Swani Zubayeer (born 2 December 1973) is a Bangladeshi classical singer, composer and music director. He won Bangladesh National Film Awards in best music director category for the film Anil Bagchir Ekdin in 2015.

==Early life and family==
Zubayeer was born on 2 December 1973 in Dhaka, the capital of Bangladesh to Muhammad Hamidullah and Khurshid Jahan. His grandfather was Khan Mohammad Moinuddin. He completed his Secondary School Certificate from St Gregory's High School and Higher Secondary School Certificate from Dhaka Notre Dame College.

Zubayeer learnt the basics of Indian classical music from his family friend Gobindo Ravi Das. He was enrolled in Patiala gharana in 1993. He was trained in Indian classical music there by Mazhar Ali Khan and Jawaad Ali Khan. He studied 2 years for a Diploma degree in music composition from 1999 to 2001 at Gotland School of Music Composition. His compositions were played in The Ljudvågor Festival when he was a student at that institution.

In 2001, he enrolled at the Department of Composition at the Royal College of Music in Stockholm. He was awarded scholarship from Inge & Einar Rosenborg Foundation for Swedish Music and Gehrmans Musikförlag for further studies in composition in 2002. He earned his post graduate degree in Western Classical Composition in 2006.

==Career==
Zubayeer taught music composition at Alliance Française de Dhaka for five years. In 2003, Zubayeer composed and arranged an orchestral work titled The Golden Land which was based on the seasons of Bangladesh and her nature. The work was commissioned by Sundsvall Symphony Orchestra.

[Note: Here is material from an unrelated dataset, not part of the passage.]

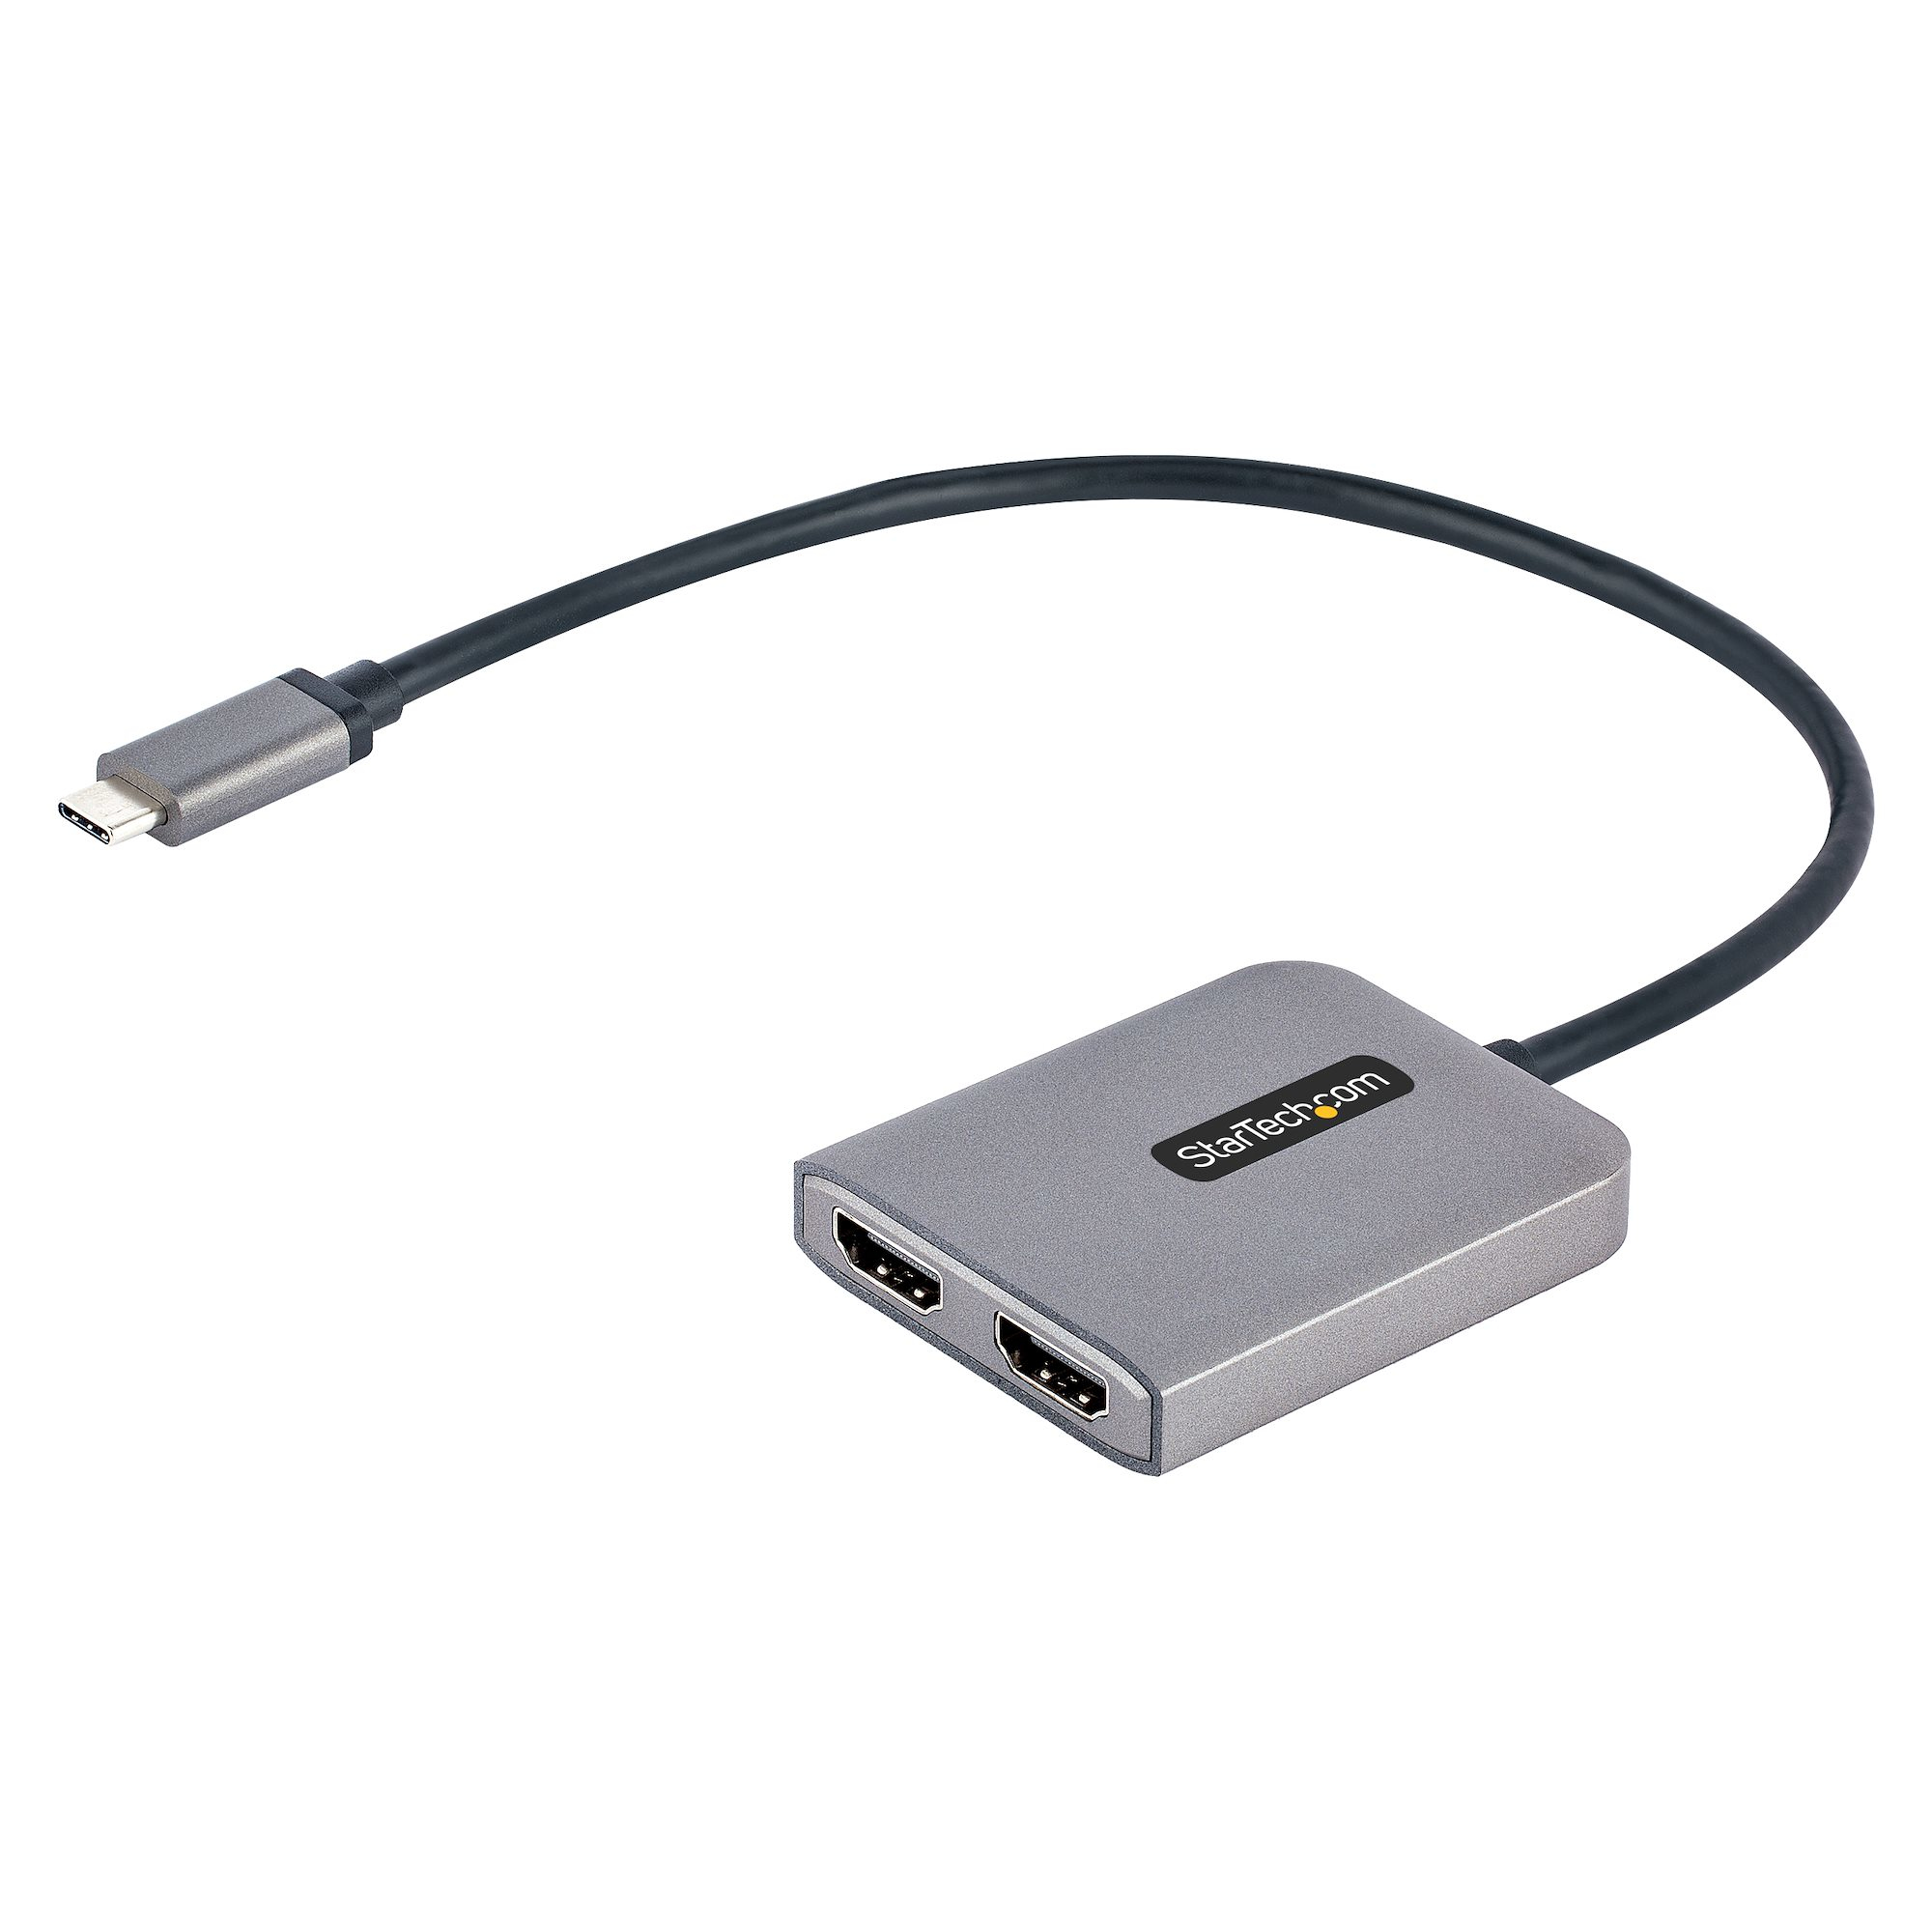 Hub USB Sitecom Adaptateur USB C vers USB A femelle - USB-C TO USB ADAPTER

He started directing music in 2015 for films through Ghashphul: The Flower of Grass, a film directed by Akram Khan. Other Bengali films with his musical direction are Anil Bagchir Ekdin (2015), Ankhi O Tar Bandhura (2017) and Kaler Putul (2018). He is currently running a music institute called Royal Institute of Music Bangladesh.

==Albums==
Some of Zubayeer's notable albums are:
- Sara (1998)
- Nirjon Sakhkhor (October 2003)
- Ajosro Kobita
- Apna Khayal (January 2003)
- Jugolshondhi
- Odbhut Andhar Ek
- Chander Sarobore
- Keno Megher O Chaya (2012)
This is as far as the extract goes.